2. EDUCAÇÃO E FILOSOFIA

2.1 Como aprender a perguntar?

Os alunos ingressantes no curso de pedagogia presencial de minha Universidade vêm, em grande parte, com duas posições: querem ser professores ou entraram na vaga disponível para um curso superior. De um lado e de outro há conversões. Não importa! A filosofia no sentido de “filosofar” tem um papel acima das divisões e interesses particulares, ela “serve” e “interessa” a todos de forma indistinta. Além dos estudantes de pedagogia, várias licenciaturas escolheram a disciplina “educação e filosofia” para a formação de docentes.
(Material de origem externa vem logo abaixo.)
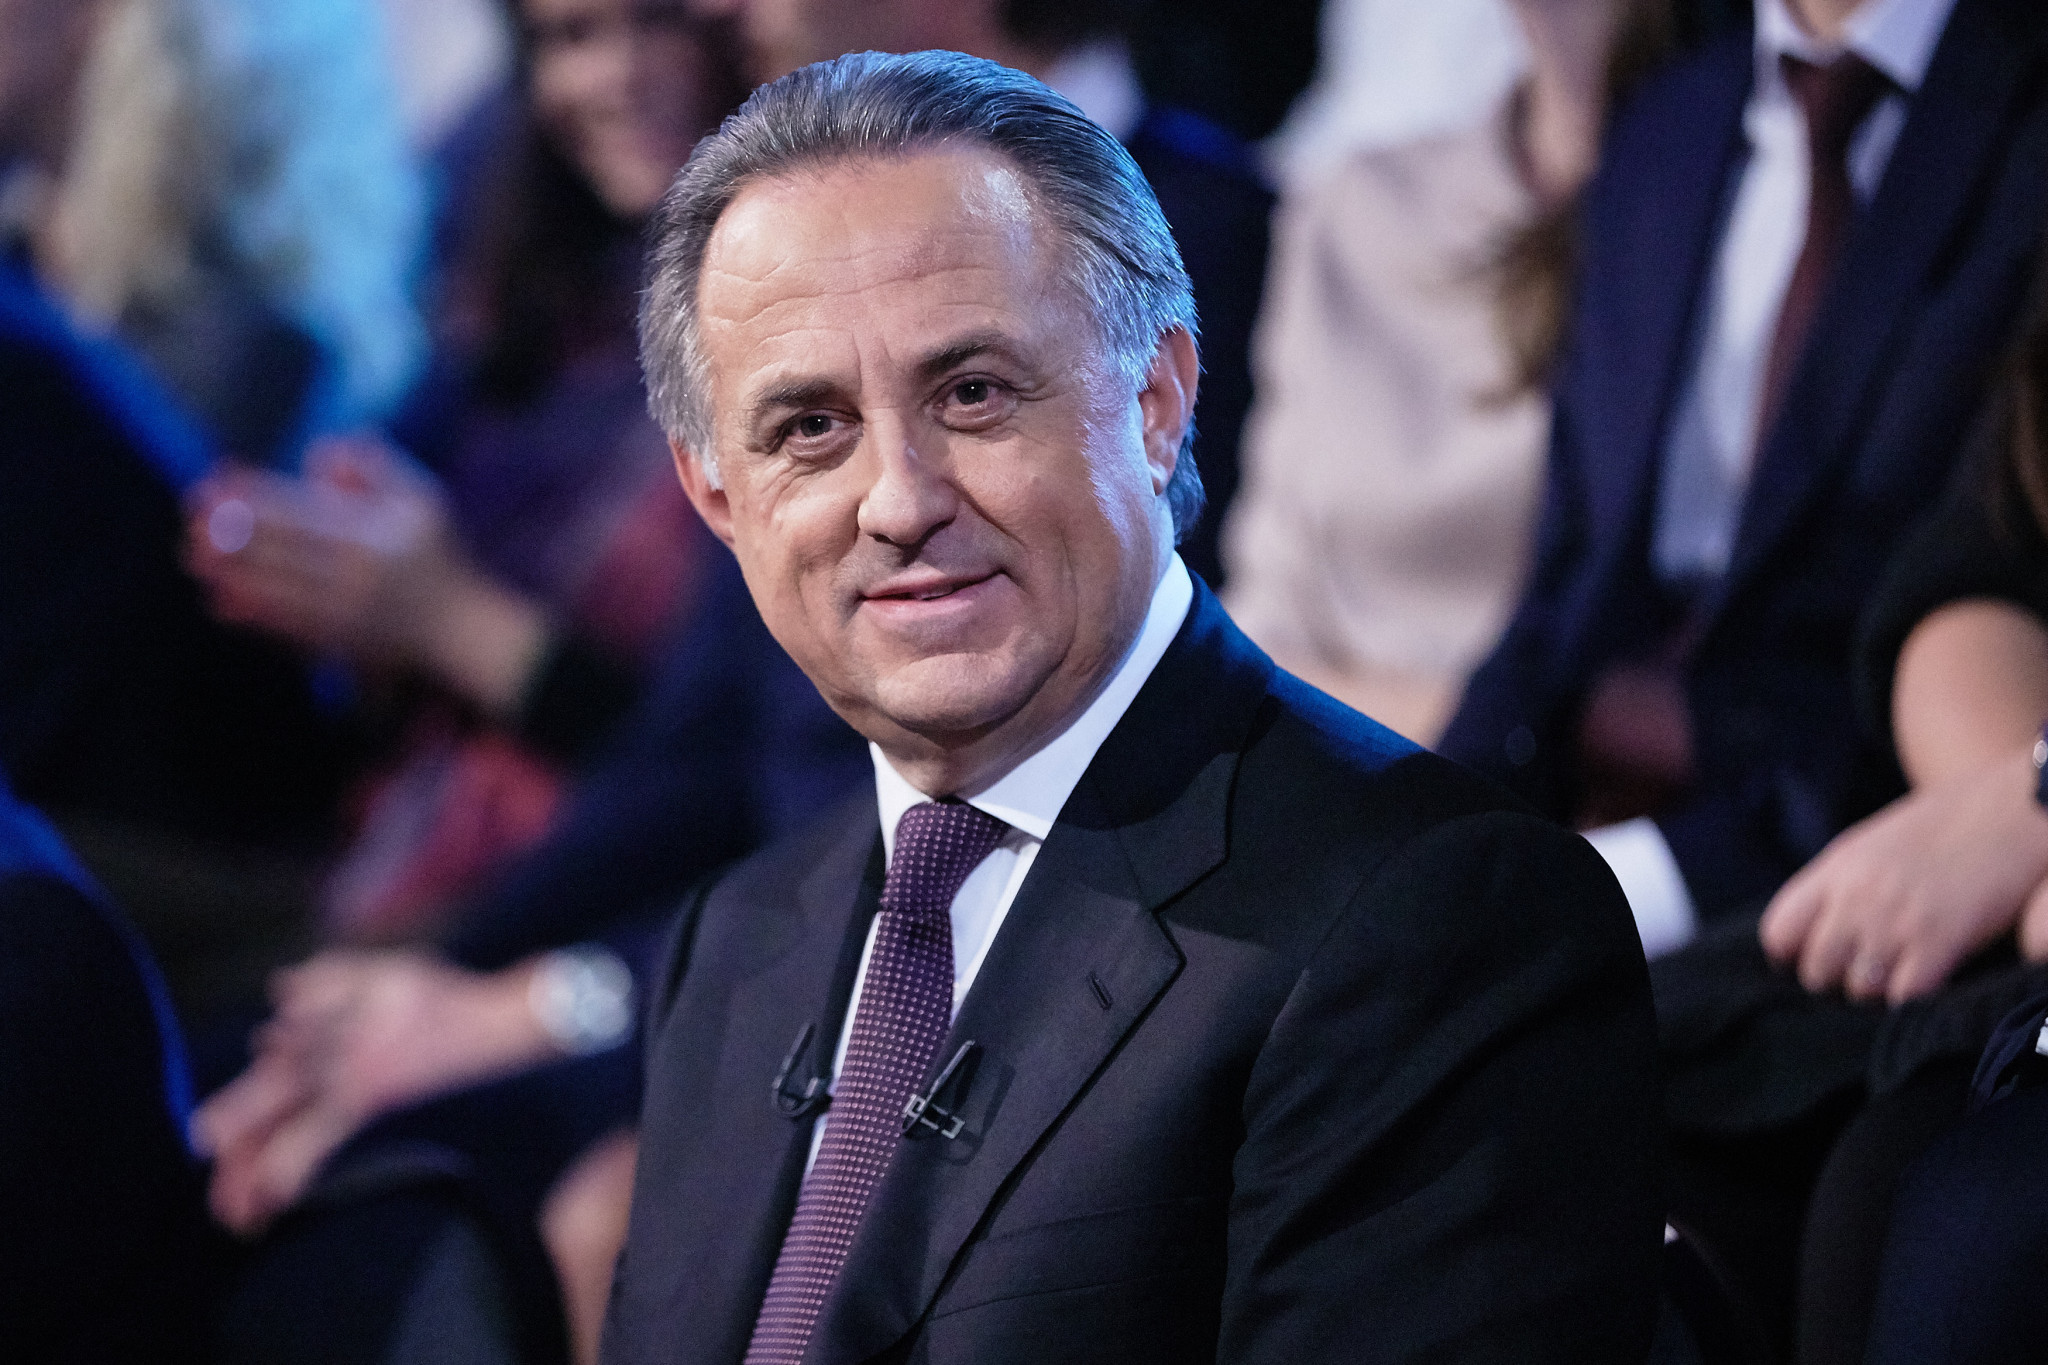 Whistleblower Grigory Rodchenkov has claimed Russia's former Sports Minister Vitaly Mutko was behind a scheme to cover-up drugs tests involving the country's athletes ©Getty Images

Tendo em vista a adequação dos estudantes ingressantes, sobretudo a realizada pela escola média no discurso do ENEM e da entrada para o ensino superior, do “ser alguém na vida”, parecem cabeças quadradas na exata métrica do universo da “fábrica de aprovação” para a Universidade. Não nos referimos aqui, ao projeto nacional de ensino médio, mas na busca pelo resultado nos exames de seleção, de modo que não se pode aceitar, ingenuamente, a proposta do ensino médio como formação do homem médio brasileiro, sempre tão tenuamente realizada na história da educação, desde a reforma de 1931 até a última mudança ocorrida, à revelia dos atores educacionais, em 2017. Pela prática demonstrada por muitos ingressantes na universidade, via SISU, sobretudo os mais jovens, seu foco no secundário estava na aprovação para o ensino superior e não numa formação de habilidades e competências. Assim, no primeiro ou segundo semestre do curso superior procuramos desmontar esses “esquemas” escolares bastante inócuos e incapacitantes ao qual são submetidos.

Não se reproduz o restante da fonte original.